Heritage Sites series: uKhahlamba – Drakensberg Park

Stamp issue date: 23 September 2008
Photographs: Koos van der Lende
Stamp size: 71.5 x 30.5 mm
Stamp sheet size: 173 x 91 mm
Paper: 110 gsm stamp paper
Gum: PVA
Quantity printed: 100,000 sheets of 10
Colour: CMYK
Phosphor: 4 mm in L shape, on left and bottom of stamp.
Printing process: Offset Lithography
Printed by: Joh. Enschedé Stamps B.V., The Netherlands

All around the world there are places that are special and fragile, places that need to be protected, and in 1972 UNESCO started to do just that by proclaiming them World Heritage Sites.

Twenty-seven years later, South Africa joined the club of world heritage hosts with the proclamation of Robben Island, the Greater St Lucia Wetland Park, and the fossil sites of Sterkfontein as world heritage sites. Consequently, stamps featuring these heritage sites were issued by the South African Post Office in the year 2000. The South African Post Office features heritage sites stamps occasionally as the sites are proclaimed.

The heritage site to be featured on stamp on 14 March 2008 is Ukhahlamba – Drakensberg Park. The stamp features panoramic photographs taken by Koos van der Lende, with special lenses over long periods of exposure creating the magical images, which can be described as being painted with light.

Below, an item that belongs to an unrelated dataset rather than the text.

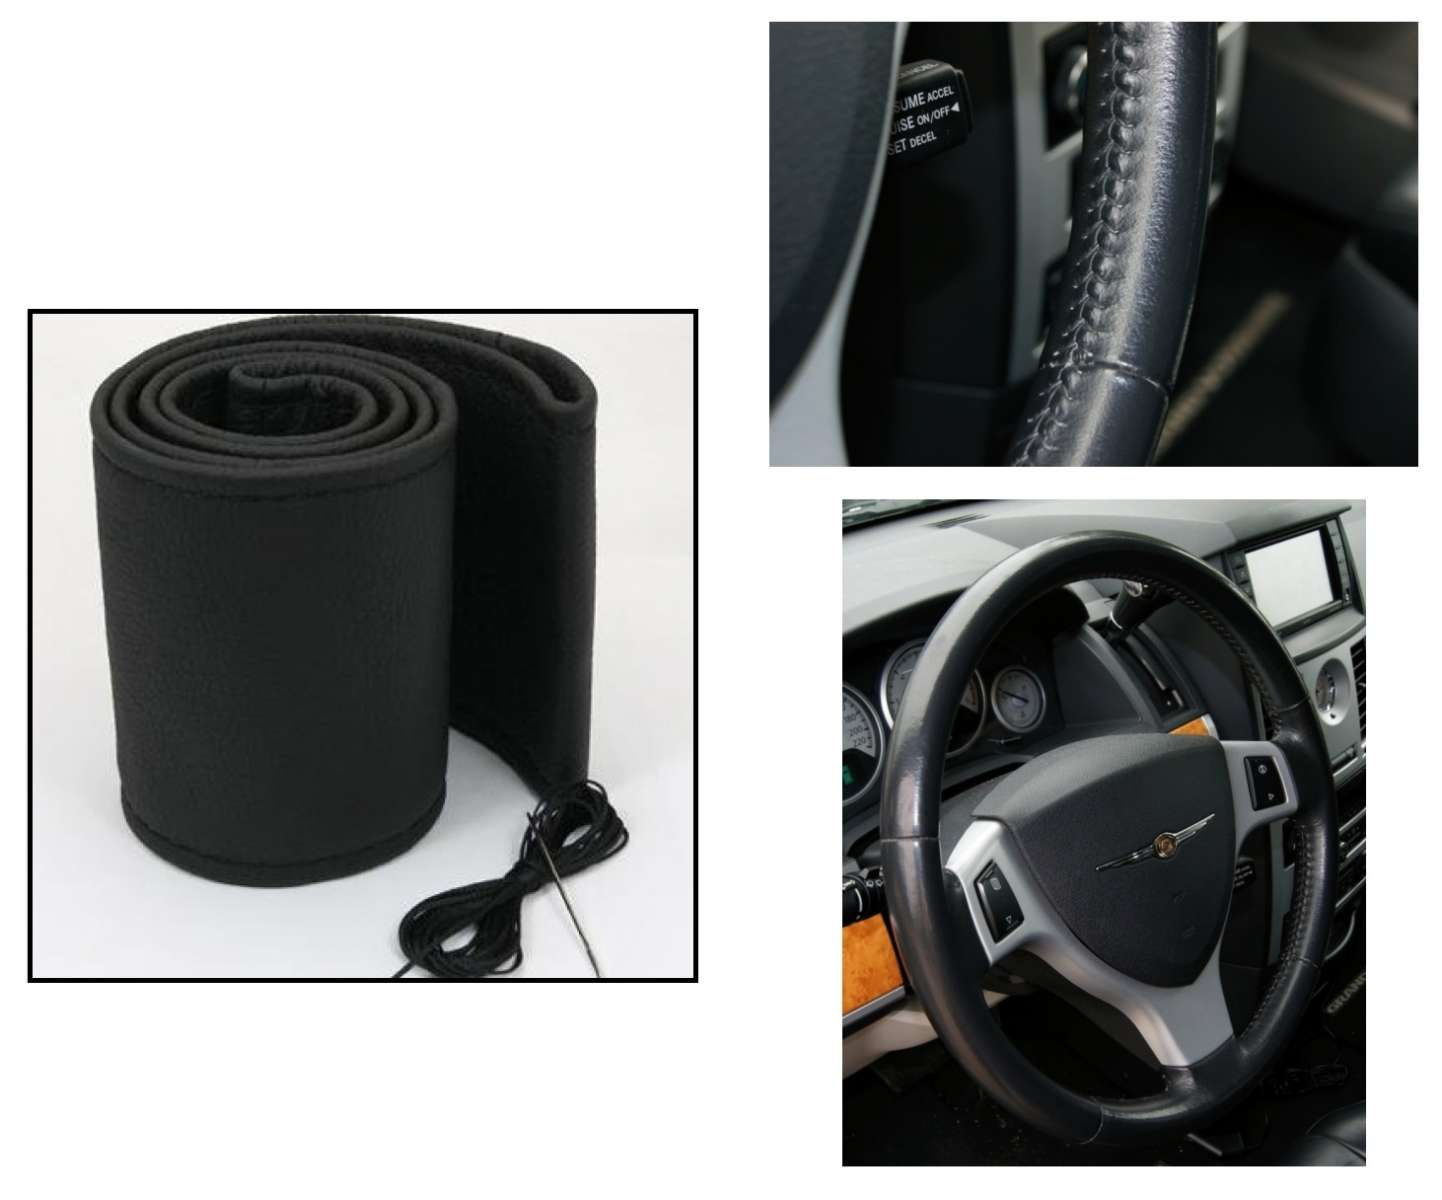 Potah volantu omotávací kožený černý 37-38cm a obvod věnce 9,7-10,4cm

Ukhahlamba/Drakensberg Park the impressive bulk of the mountains the Zulus called Uhkahlamba - “the barrier of spears” - and the Voortrekker called the Drakensberg - the “dragon mountain” - is more than just a great place to visit. Forming the main watershed of the country, it separates the well-watered Indian Ocean coast from the drier, harsher interior and the beautifully bleak, almost deserted western Atlantic shore.

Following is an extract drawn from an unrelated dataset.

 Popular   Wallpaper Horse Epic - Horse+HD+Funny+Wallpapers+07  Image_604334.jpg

The spectacular Drakensberg Mountains took their rightful place on the international tourism stage with the proclaiming of the 243 000 hectare uKhahlamba-Drakensberg Park in December 2000 as a World Heritage Site, significantly meeting the criteria for both cultural and natural properties.

International recognition was granted in acknowledgement of the Park’s uniqueness of biological diversity; its endemic and endangered species; its superlative natural beauty and its masterpiece of human creative genius in the form of ten of thousands of San rock paintings - the last visible signs of the San people.

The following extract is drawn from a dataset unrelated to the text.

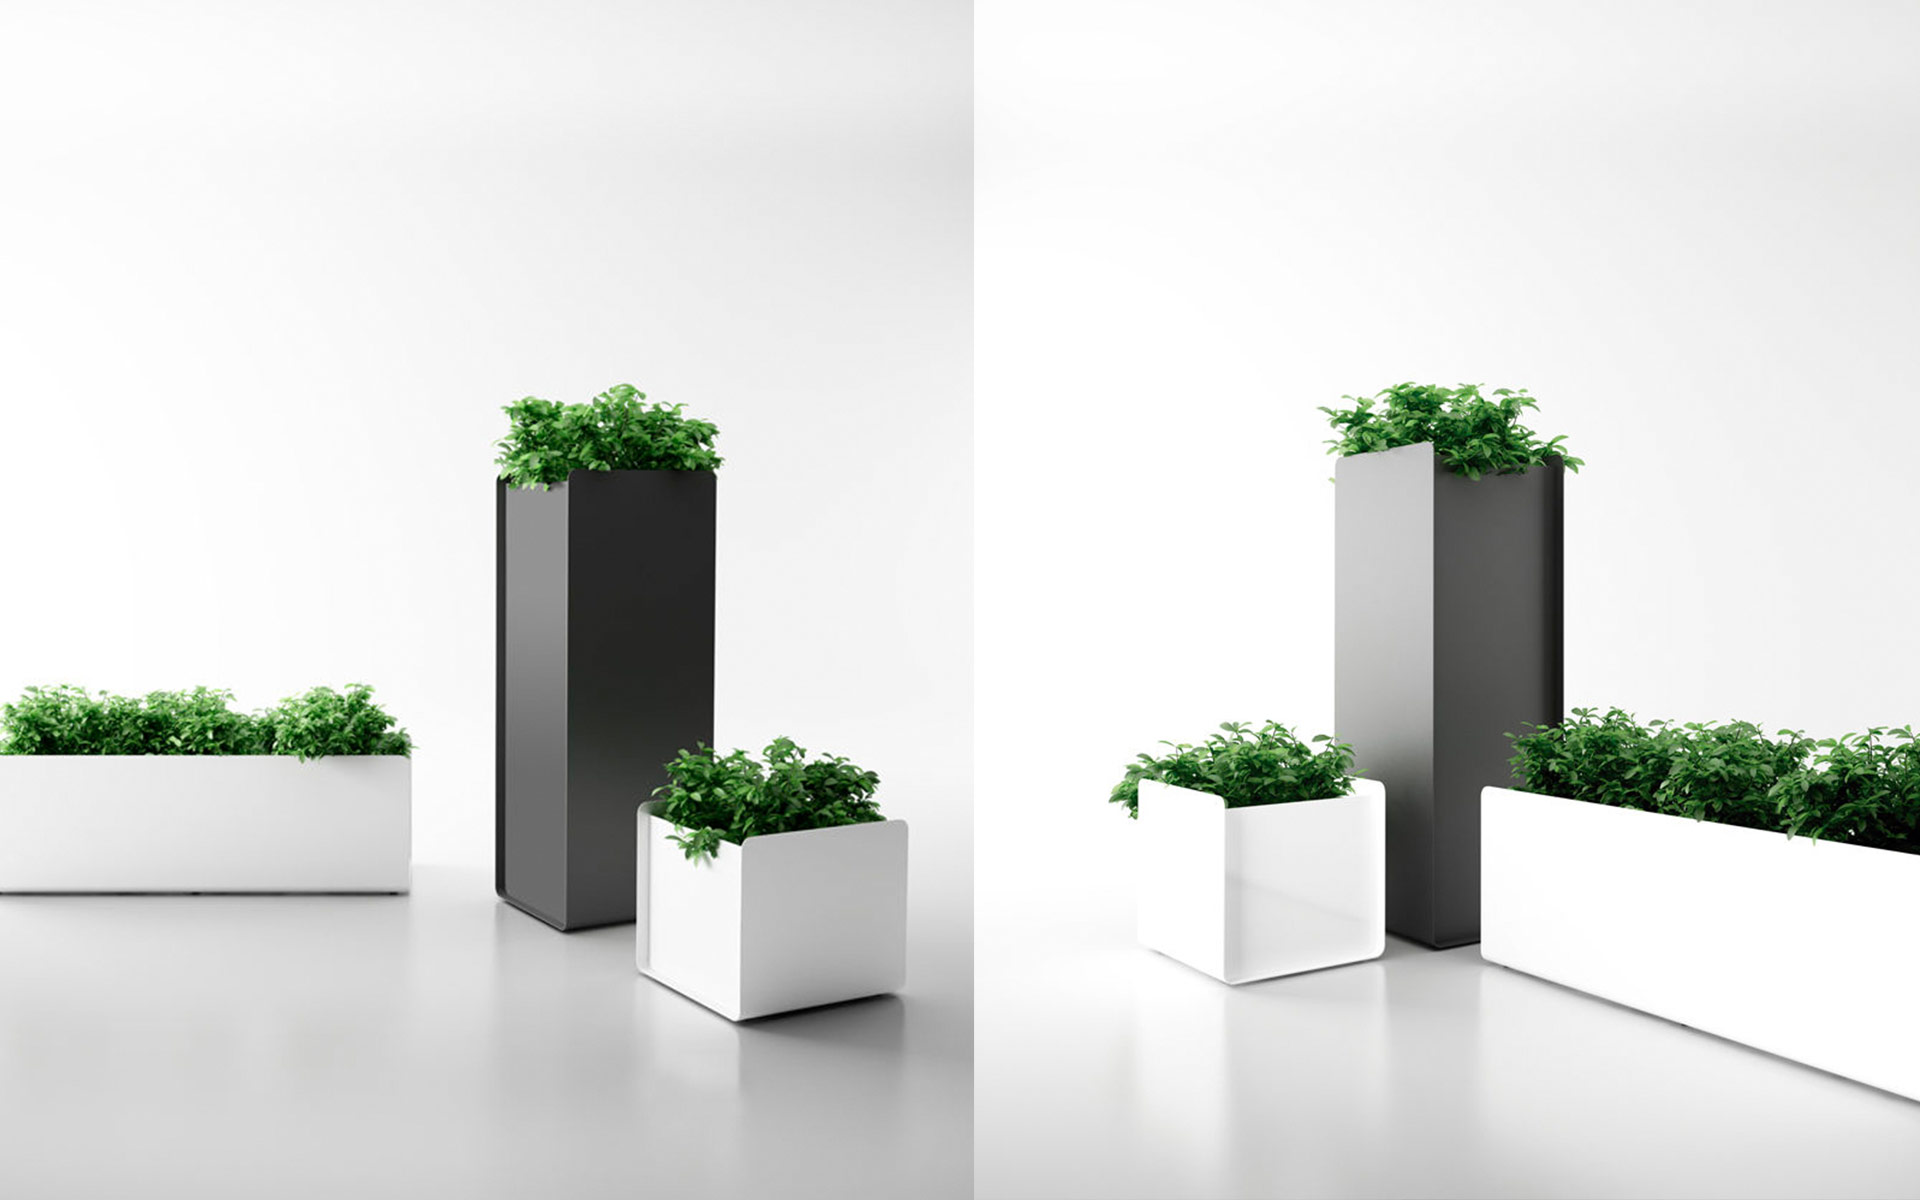 floral arrangement for vases trend and tuesday planters pedestal room alert planter

Fabulous rock art tells the story of the San who lived there, and were pushed aside by more aggressive peoples. The San people are recognized as the indigenous inhabitants of the sub-continent. During the past centuries, they inhabited the entire sub-continent, and are regarded as “embodying the essence of southern Africa’s deep past”. Yet there is no monument to the San people - other than their own art.

The oldest painting on a rock shelter wall in the park is about 2400 years old, while more recent creations date back to the late nineteenth century. Many of the sites contain scenes depicting hunting, dancing, fighting, food gathering or ritual and trance scenes of hunting or rainmaking.
Within the Uhkahlamba-Drakensberg Park there are some 600 sites, collectively representing over 35000 individual images. Remarkably, the rock art in the park is better preserved than any other region south of the Sahara. Uniquely, it is possible to turn from rock paintings of eland, antelopes and other animals to look over pristine valleys and to see these very species feeding, resting or moving about.